Collected data entries
★ ★ ★

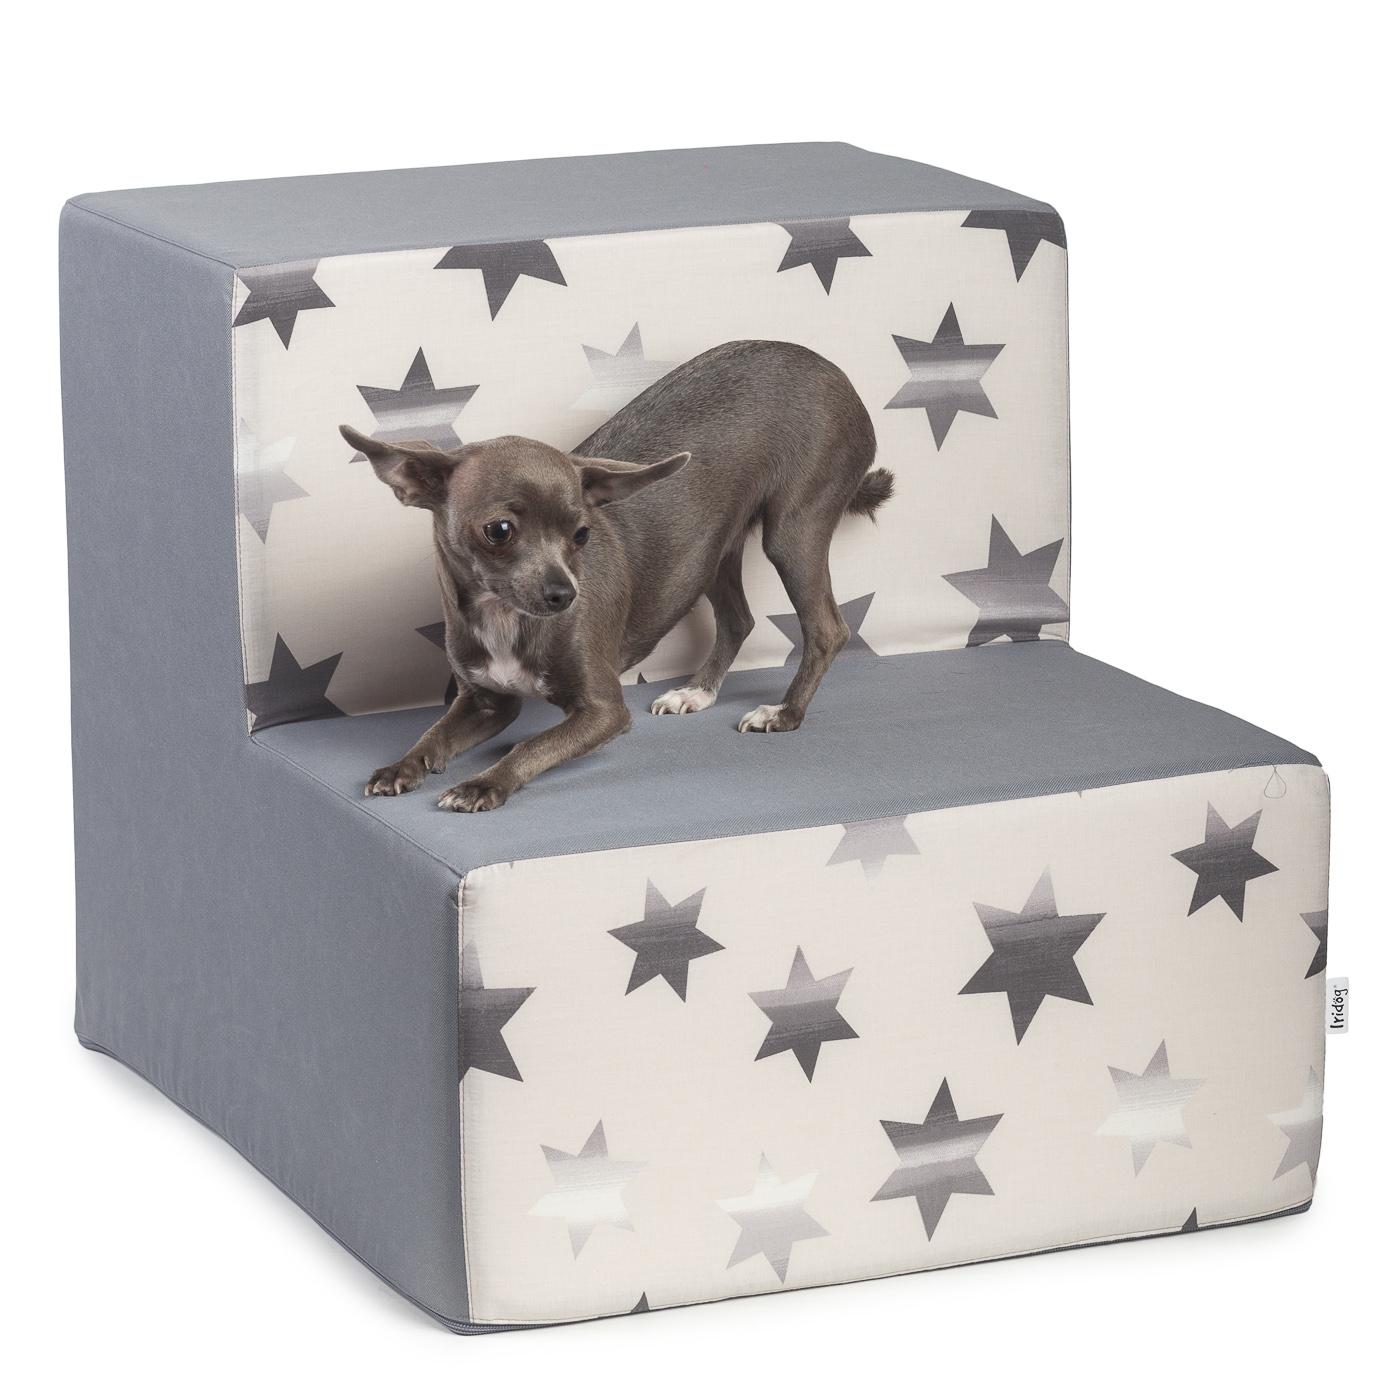 Schody pro psy, no. 41, hvězdičky, 3 malé
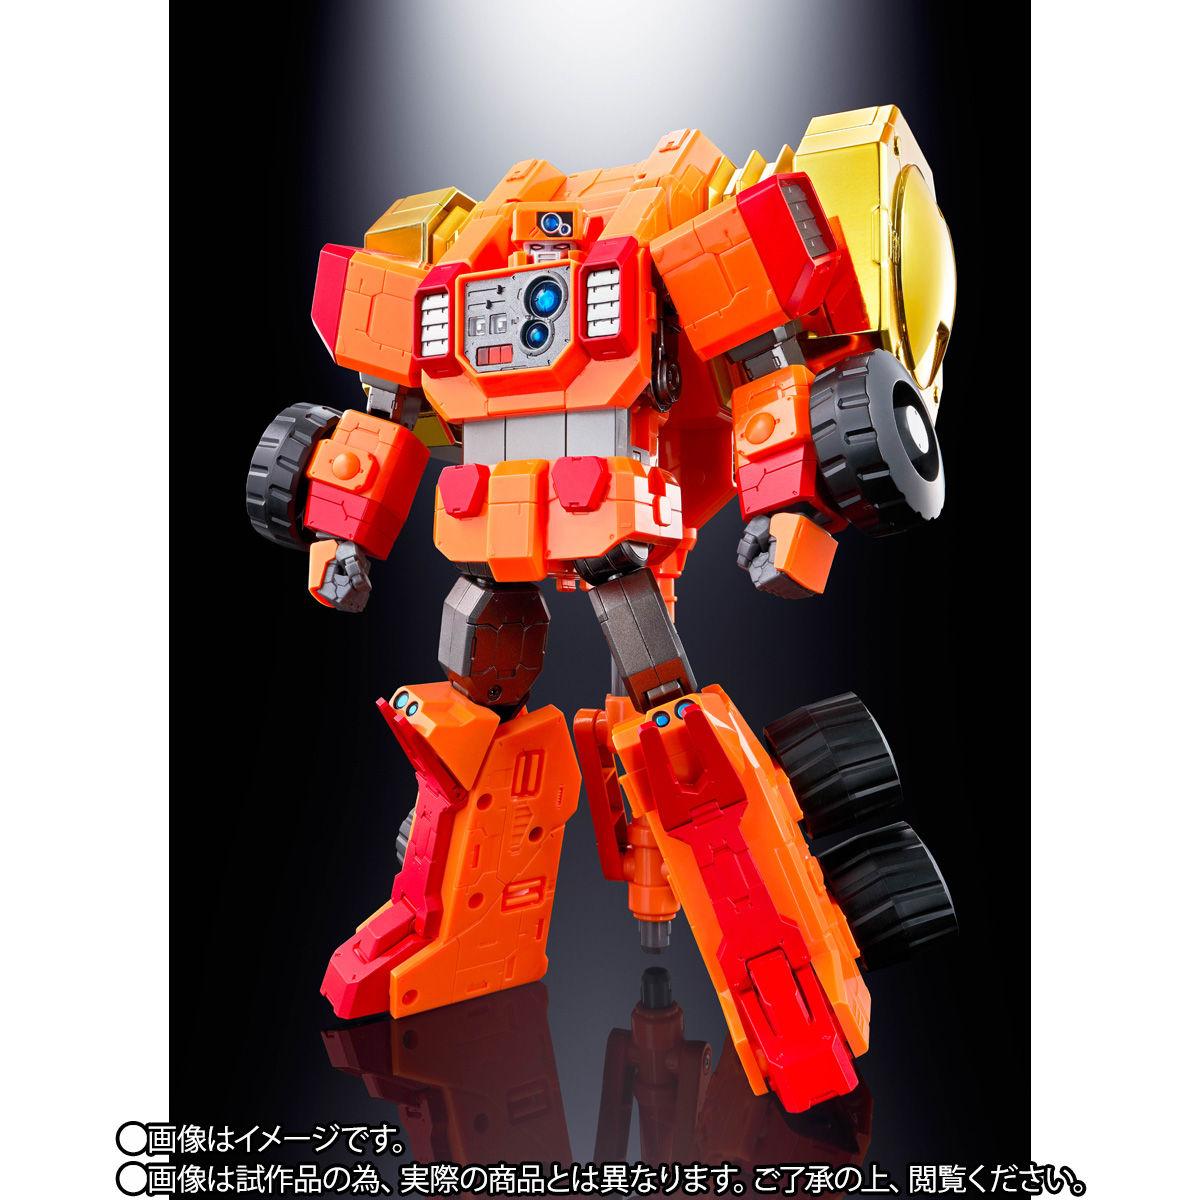 【限定販売】超合金魂『GX-69R ゴルディーマーグ【究極の勇者王Ver.】』可動フィギュア-003
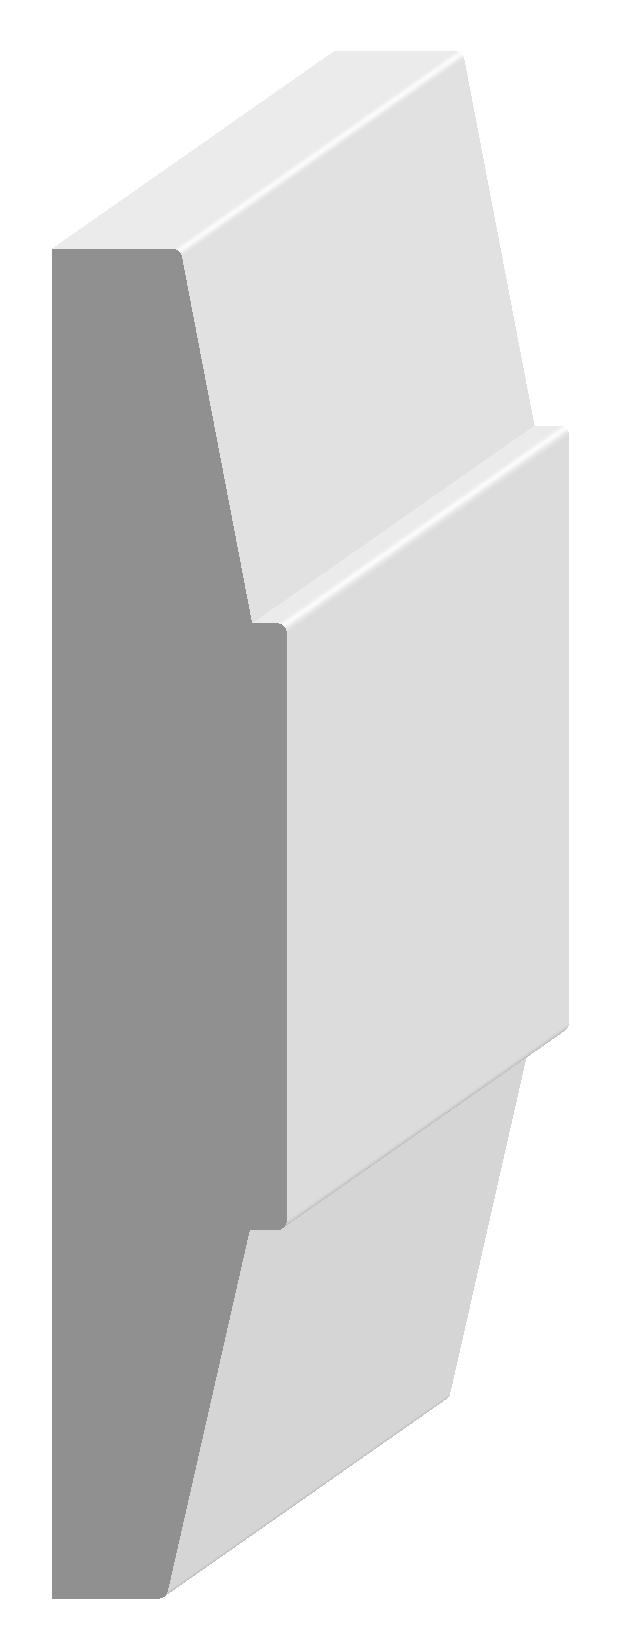 Z1175 CHAIR RAIL
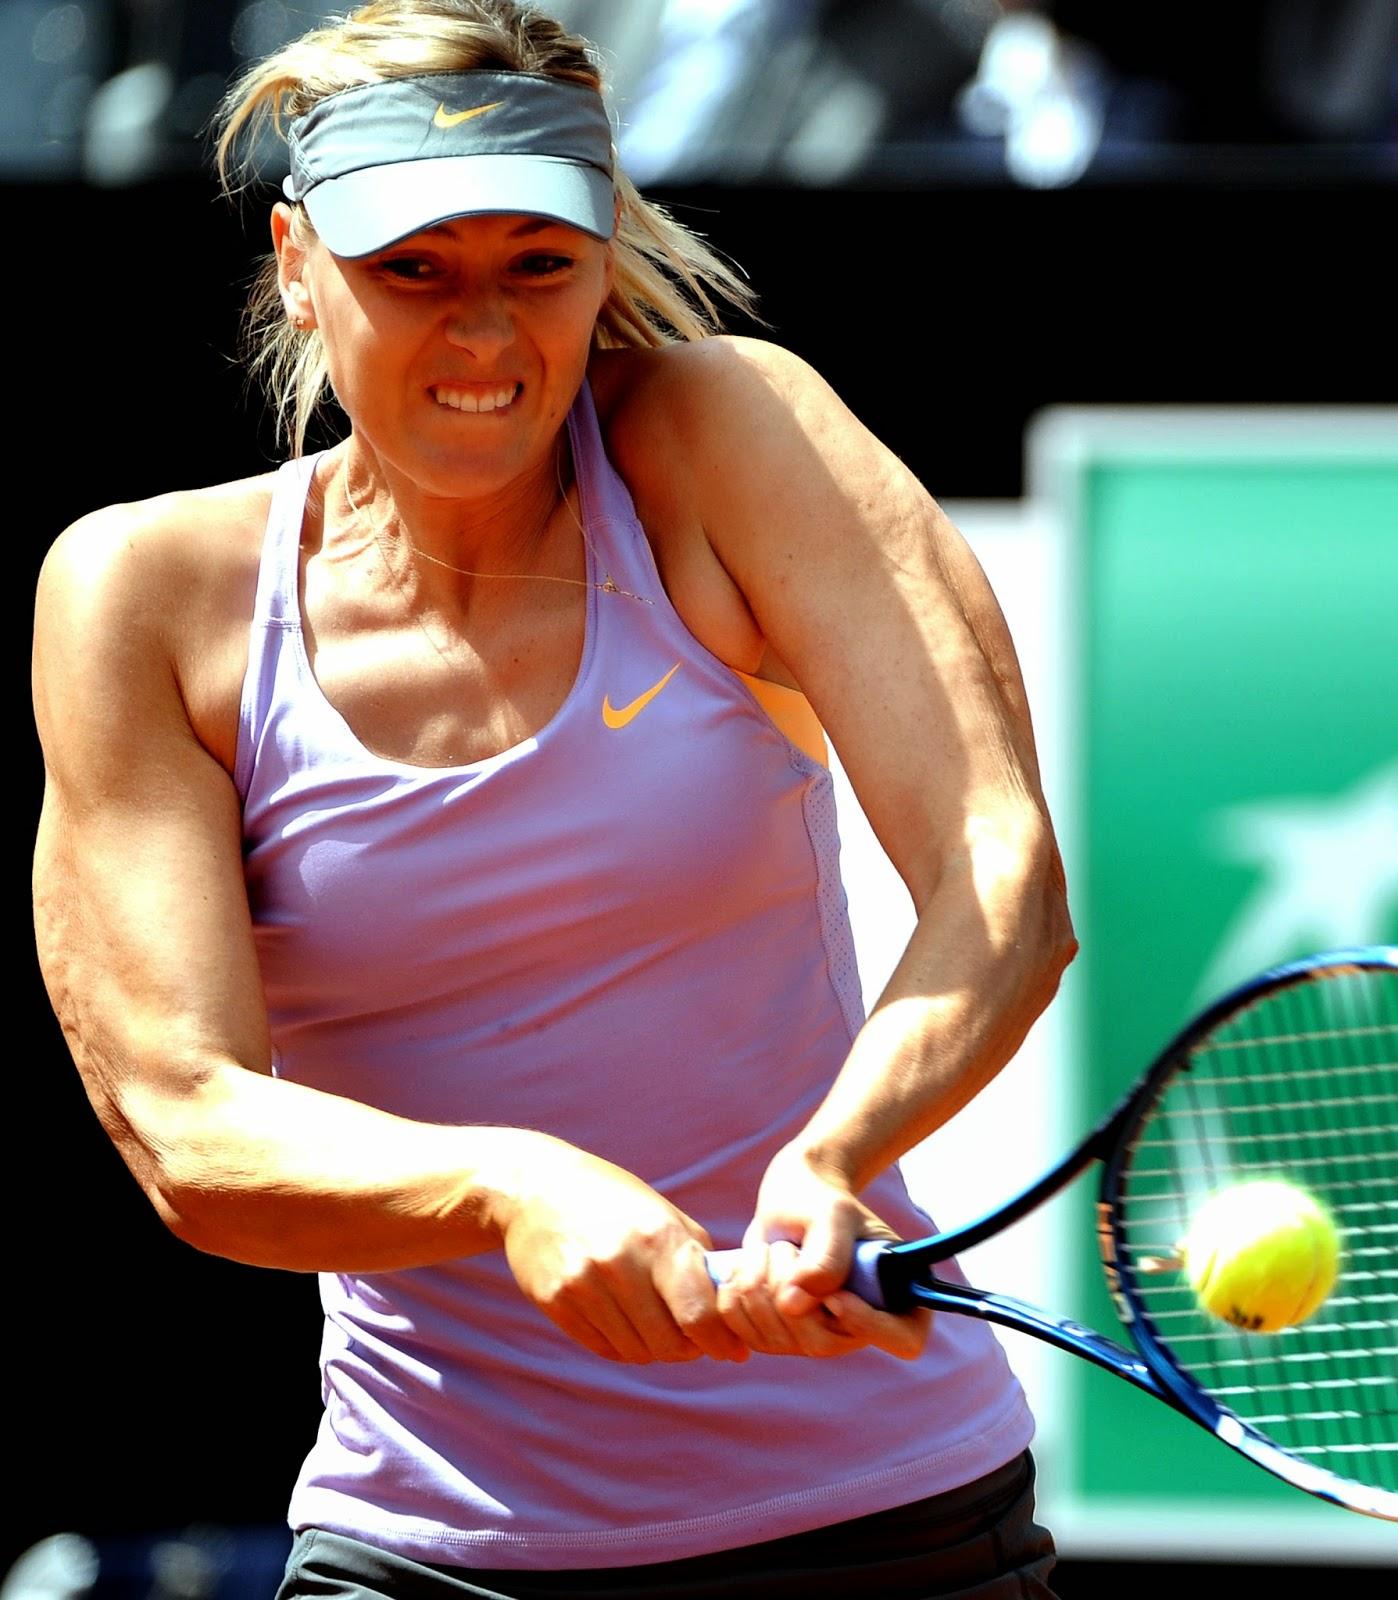 Ana Ivanovic, Foro Italico, Maria Sharapova, Rome, Rome Masters Tennis, Rome Masters Tennis 2014, Sports, Tennis, Tennis Star,
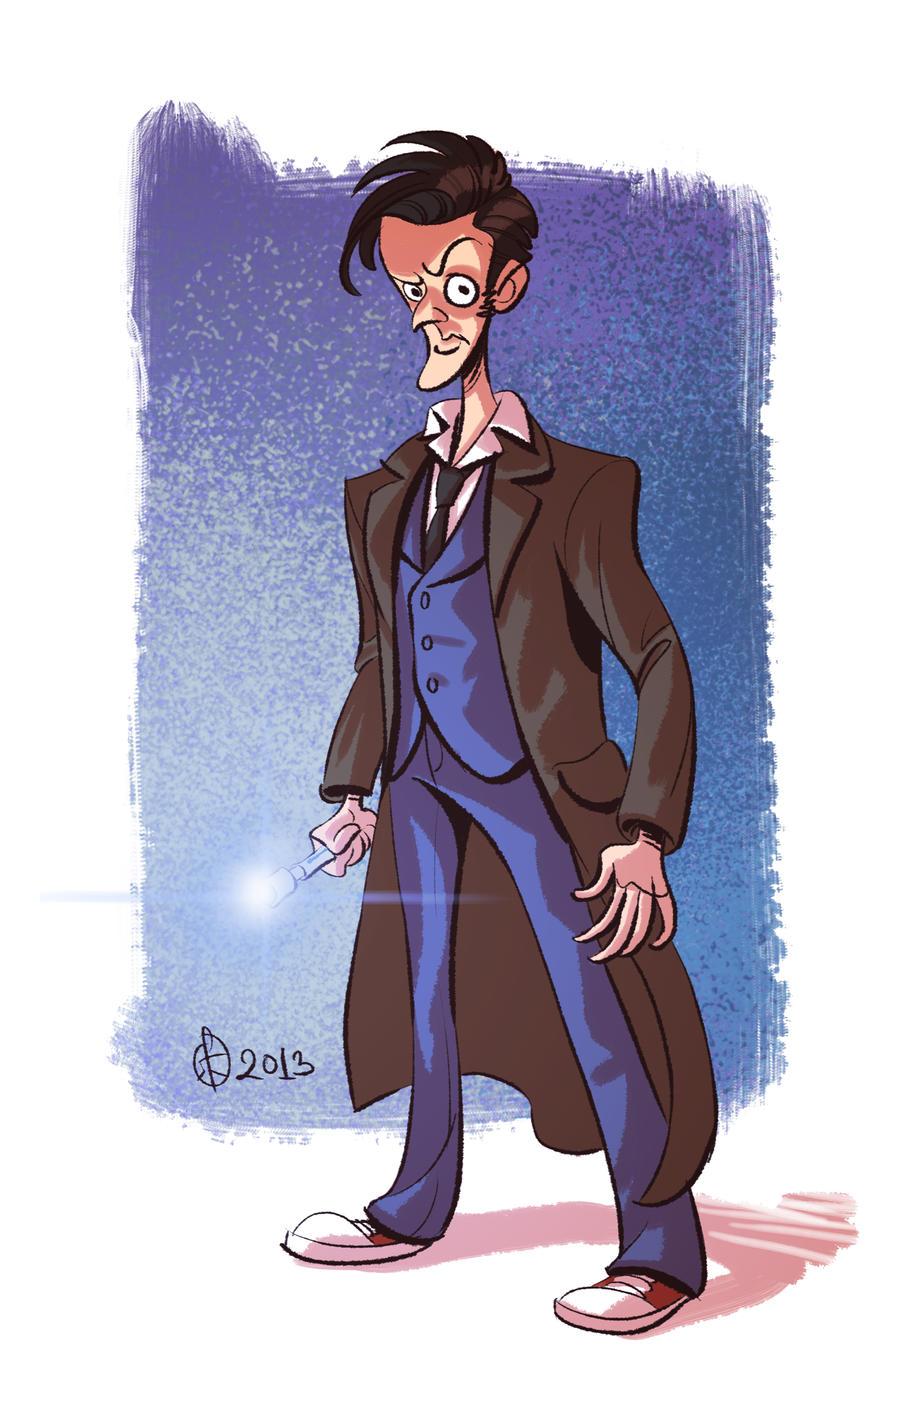 http://splendidriver.deviantart.com/art/The-Tenth-Doctor-439386448

★ ★ ★

• [Action item]: Set each line of the records down exactly, leaving every picture out.

• [Result below]:
 Schody pro psy, no. 41, hvězdičky, 3 malé
 【限定販売】超合金魂『GX-69R ゴルディーマーグ【究極の勇者王Ver.】』可動フィギュア-003
 Z1175 CHAIR RAIL
 Ana Ivanovic, Foro Italico, Maria Sharapova, Rome, Rome Masters Tennis, Rome Masters Tennis 2014, Sports, Tennis, Tennis Star,
 http://splendidriver.deviantart.com/art/The-Tenth-Doctor-439386448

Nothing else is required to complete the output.